The latest cmake 3.17 has just started to officially support a new module FindCUDAToolkit where NVML library is conveniently referenced by the target CUDA::nvml. With this new feature this article is now deprecated.

Nvidia Management Library (NVML) is a powerful API to get and set GPU states. Currently there is a lack of official CMake support. The first couple of google search results point to a script on github, which unfortunately is only partially correct and does not work on Windows. Here we provide a working solution, tested on Scientific Linux 6 and Windows 10, with CUDA 9.1 and CMake 3.11.

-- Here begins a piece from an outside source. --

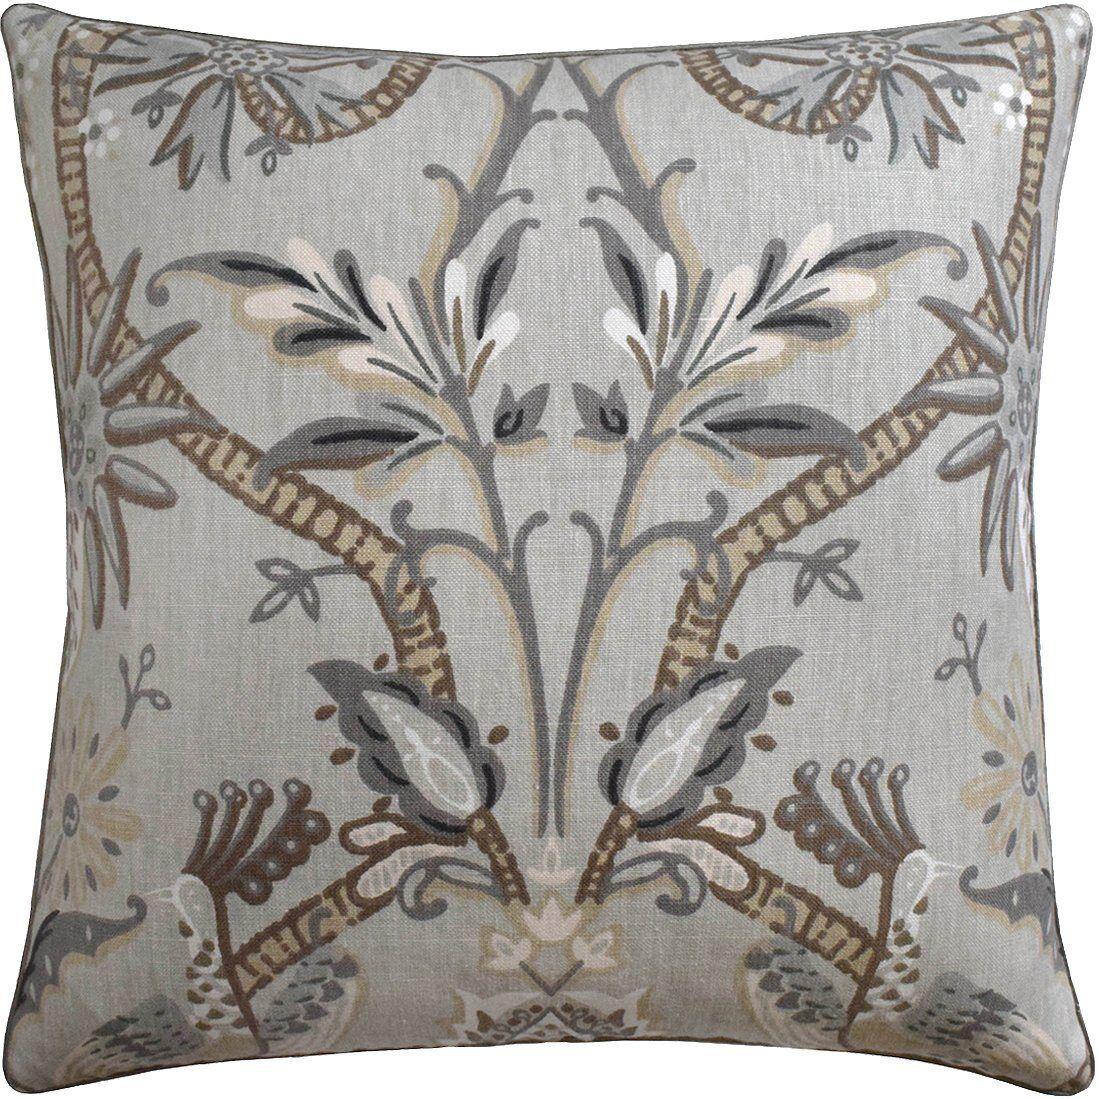 Ryan Studio Peacock Garden Grey Pillow

The NVML API is spread across several locations:

  • Linux
    • Header: ${CUDA_INCLUDE_DIRS}/nvml.h
    • Shared library: ${CUDA_TOOLKIT_ROOT_DIR}/lib64/stubs/libnvidia-ml.so
  • Windows
    • Header: ${CUDA_INCLUDE_DIRS}/nvml.h
    • Shared library: C:/Program Files/NVIDIA Corporation/NVSMI/nvml.dll
    • Import library: ${CUDA_TOOLKIT_ROOT_DIR}/lib/x64/nvml.lib

It is critical to note that, on Windows a dynamic library (.dll) is accompanied by an import library (.lib), which is different from a static library (also .lib). In CMake the target binary should link to the import library (.lib) directly instead of the .dll file. With that, the correct FindNVML.cmake script is shown in listing 1.

Listing 1

# FindNVML.cmake

if(${CUDA_VERSION_STRING} VERSION_LESS "9.1")
    string(CONCAT ERROR_MSG "--> ARCHER: Current CUDA version "
                         ${CUDA_VERSION_STRING}
                         " is too old. Must upgrade it to 9.1 or newer.")
    message(FATAL_ERROR ${ERROR_MSG})
endif()

# windows, including both 32-bit and 64-bit
if(WIN32)
    set(NVML_NAMES nvml)
    set(NVML_LIB_DIR "${CUDA_TOOLKIT_ROOT_DIR}/lib/x64")
    set(NVML_INCLUDE_DIR ${CUDA_INCLUDE_DIRS})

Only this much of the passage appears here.